Sturge J, Wienke D, East L, Jones GE, Isacke CM - J. Cell Biol. (2003)

Bottom Line: Endo180 expression was demonstrated to enhance uPA-mediated filopodia production and promote rapid activation of Cdc42 and Rac.Expression of a noninternalizing Endo180 mutant revealed that promotion of random cell migration requires receptor endocytosis, whereas the chemotactic response to uPA does not.From these studies, we conclude that Endo180 is a crucial link between uPA-uPAR and setting of the internal cellular compass.
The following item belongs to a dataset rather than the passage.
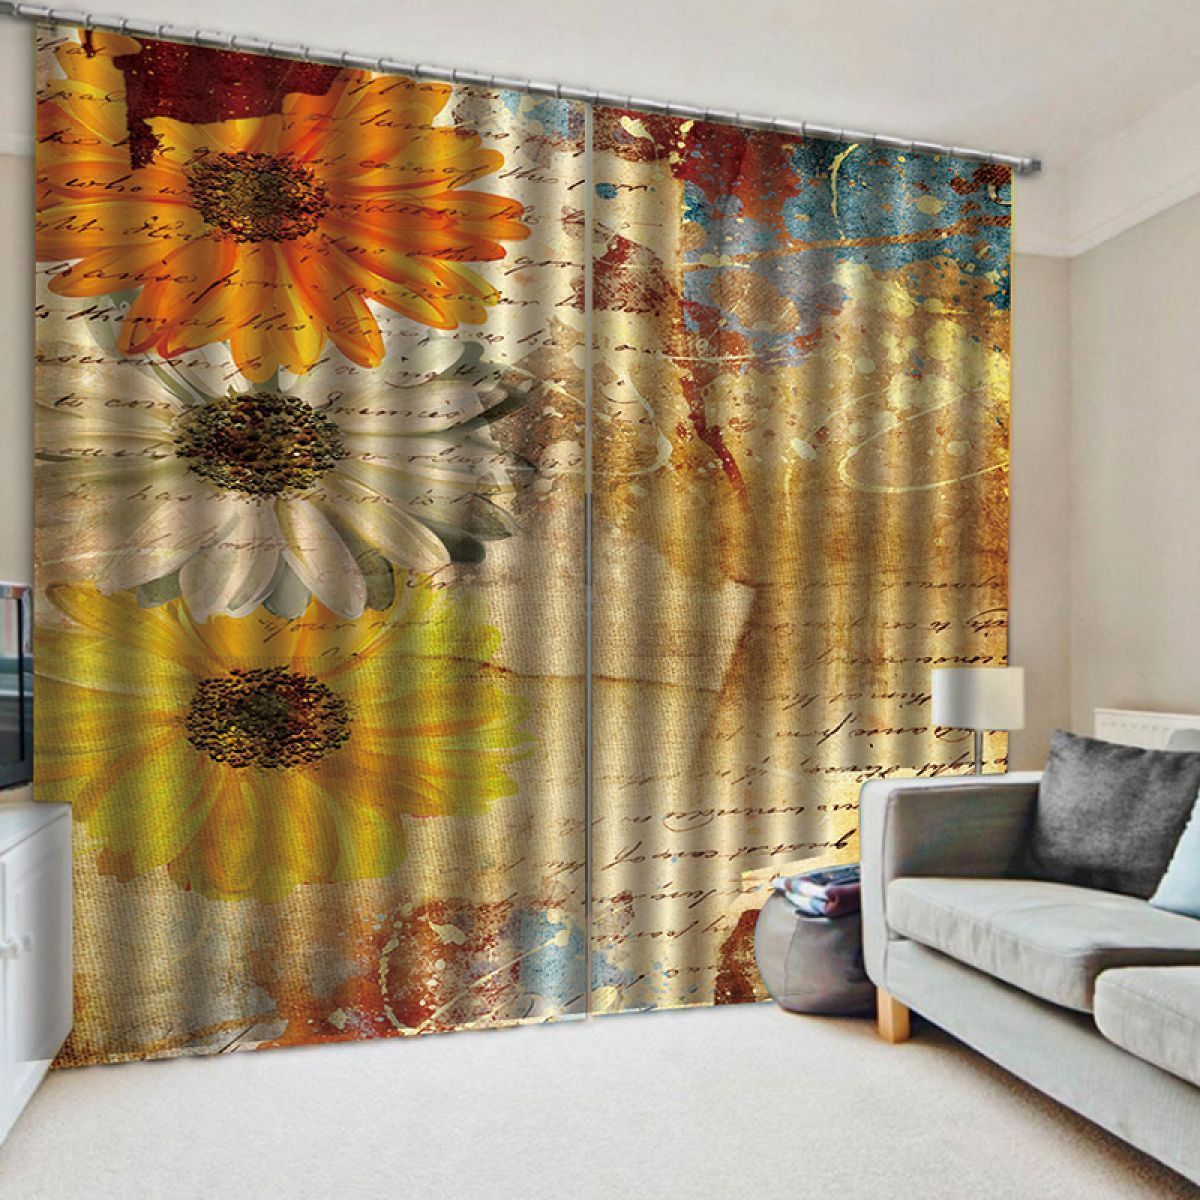 3d Sunflower Collage Printed Window Curtain Home Decor

View Article: PubMed Central - PubMed

Affiliation: The Breakthrough Breast Cancer Research Centre, Institute of Cancer Research, Chester Beatty Laboratories, London SW3 6JB, UK.

ABSTRACT
Urokinase-type plasminogen activator (uPA) and its receptor (uPAR) play an important role in cell guidance and chemotaxis during normal and pathological events. uPAR is GPI-anchored and the mechanism by which it transmits intracellular polarity cues across the plasma membrane during directional sensing has not been elucidated. The constitutively recycling endocytic receptor Endo180 forms a trimolecular complex with uPAR in the presence of uPA, hence its alternate name uPAR-associated protein. Here, we demonstrate that Endo180 is a general promoter of random cell migration and has a more specific function in cell chemotaxis up a uPA gradient. Endo180 expression was demonstrated to enhance uPA-mediated filopodia production and promote rapid activation of Cdc42 and Rac. Expression of a noninternalizing Endo180 mutant revealed that promotion of random cell migration requires receptor endocytosis, whereas the chemotactic response to uPA does not. From these studies, we conclude that Endo180 is a crucial link between uPA-uPAR and setting of the internal cellular compass.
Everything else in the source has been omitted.